In the ever-changing economic landscape, it’s critical for manufacturers to continuously evaluate their cash conversion cycle.

In this timely video, PNC’s Greg Clarkson, EVP, SBA Segment Executive, shares ideas that manufacturers can leverage to help drive success.

For more tips and ideas for manufacturers, visit our Solutions for Manufacturers.

Video Transcript:

Hello, my name is Greg Clarkson and I manage PNC's Government Guaranteed Small Business Lending Program in conjunction with the U. S. Small Business Administration. Normally, I talk about the benefits of SBA business loans, including extended maturities and lower down payments. But today, I would like to briefly talk to you about your cash conversion cycle.

This relates to the time it takes to convert raw materials to finish goods, to completing the sale, and ultimately collecting your accounts receivable. For the past 15 years, interest rates have been artificially low in an effort to stimulate economic growth. However, the recent interest rate hikes have created an additional expense if your process requires borrowing or an income opportunity if you have idle cash to invest.

Either situation warrants an examination of your cash conversion cycle to identify inefficiencies or delays. Here are some specific items to consider. Number one, don't leave idle cash uninvested. Maximize additional earnings by putting your excess cash reserves into safe, liquid investments that earn a market rate.

From money markets, to sweep accounts, to certificates of deposit, this can add revenues without increasing risk. Or it may be the right time to use excess cash to pay down debt, to reduce overall borrowing costs, and improve your company's ability to withstand economic uncertainty. Number two, evaluate how you purchase your raw materials.

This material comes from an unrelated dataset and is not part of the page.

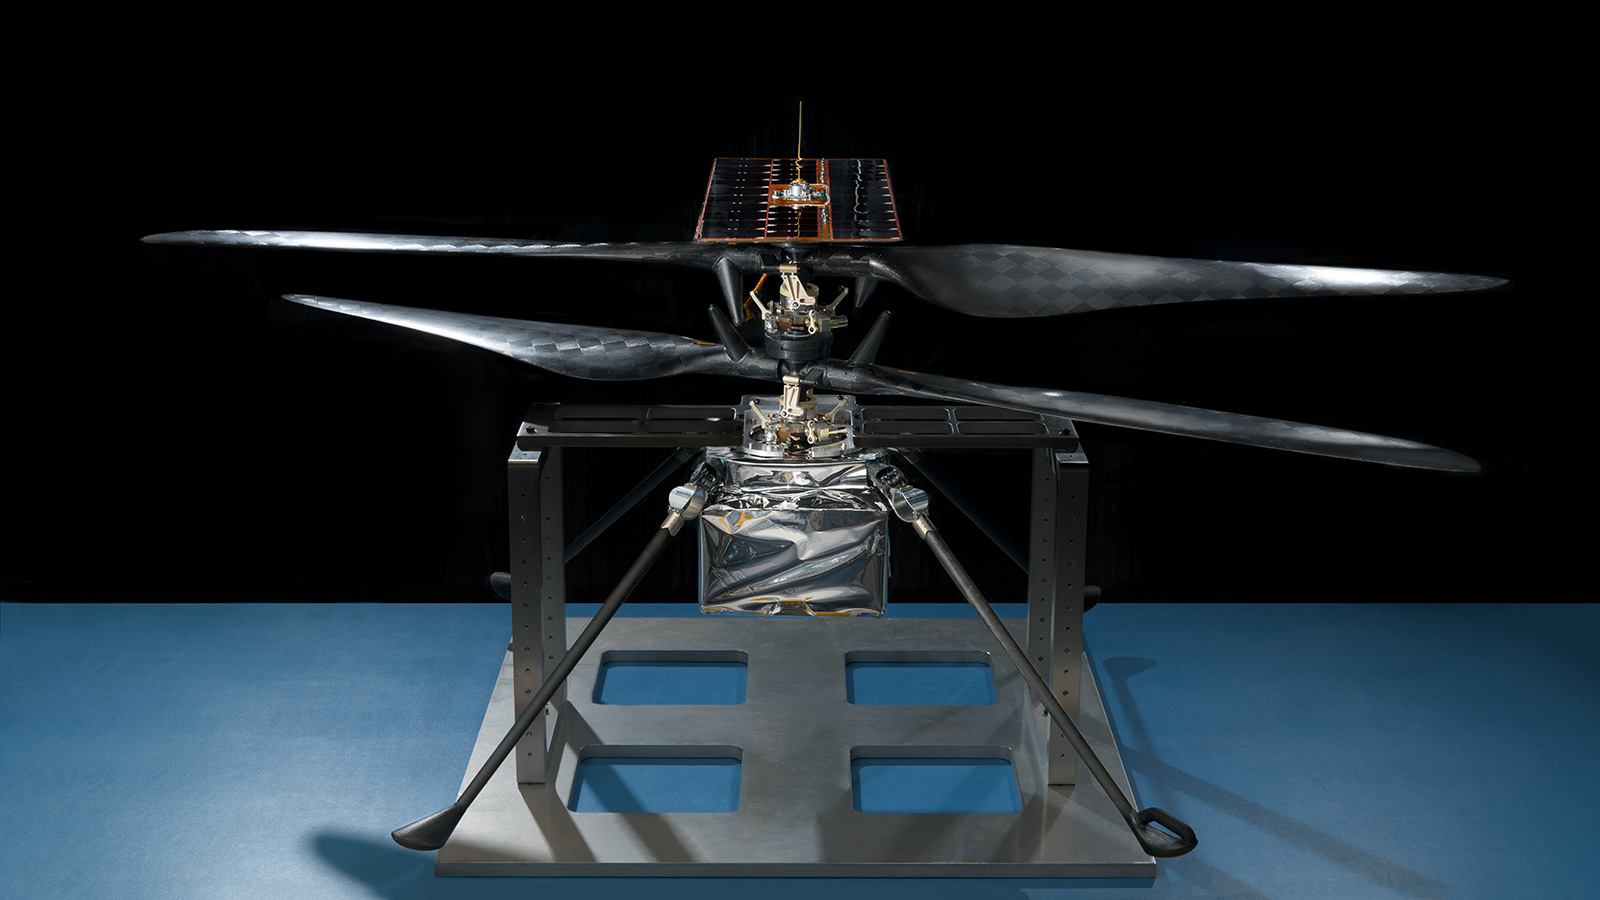 An image of the flight model of NASA’s Mars Helicopter.

You may be currently taking advantage of bulk purchase discounts, which saves money. However, if you have to borrow to obtain these discounts, it may not make economic sense. While you wait to obtain your raw materials at the lowest cost in the cycle, and minimize overall carrying costs, you want to always have enough raw materials on hand to avoid supply chain interruptions.

Number three, despite the current interest rate environment, it may be a good time to invest in new machinery or expand your production capacity and physical plant. Evaluate technology and production line configuration to ensure you can maximize efficiency, provide scalability, and maintain production quality.

This would also be a good time to take a look at your debt structure to ensure you have the right maturities, interest rates, and capacity for future capital expenditures. May be the right time to consider obtaining longer term fixed rates to minimize adjusting interest rate risk. Number four, distribution and transportation costs are always a place to review since these have a significant level of variable expenses.

Is the delivery that your product to the end users the most cost efficient method or are other options available? Five, finally, evaluate the method in which you receive payments for your products. Consider the various options for payments, including wire transfers, ACH, and credit cards. Understand that while this may speed up collections, there may be a cost associated with it that needs to be evaluated.

Accounts receivable factoring may be another option to return cash to your cycle faster. But be sure and understand all of the benefits and limitations before entering into this type of arrangement. If you sell on credit, then consider offering discounts for early payment by your customers. This will return cash faster to your cycle.

However, a critical part of offering terms is to have a written robust credit evaluation program before offering terms to your customers. There are very few things worse than spending all the time, energy, and money to produce your product, only to have to write off a sale because a customer can't pay. I hope these suggestions help.

The goal is to minimize the cash conversion cycle and keep your money working for you. Be sure and engage your trusted advisors when evaluating your business model. From accountants, to bankers, to attorneys, we are here to help maximize your returns and profitability. Thank you for listening. For more information on this and other business related topics, please visit pnc.com/insights/smallbusiness. Strengthening your business strengthens your community and supports America's economic engine. Have a great day.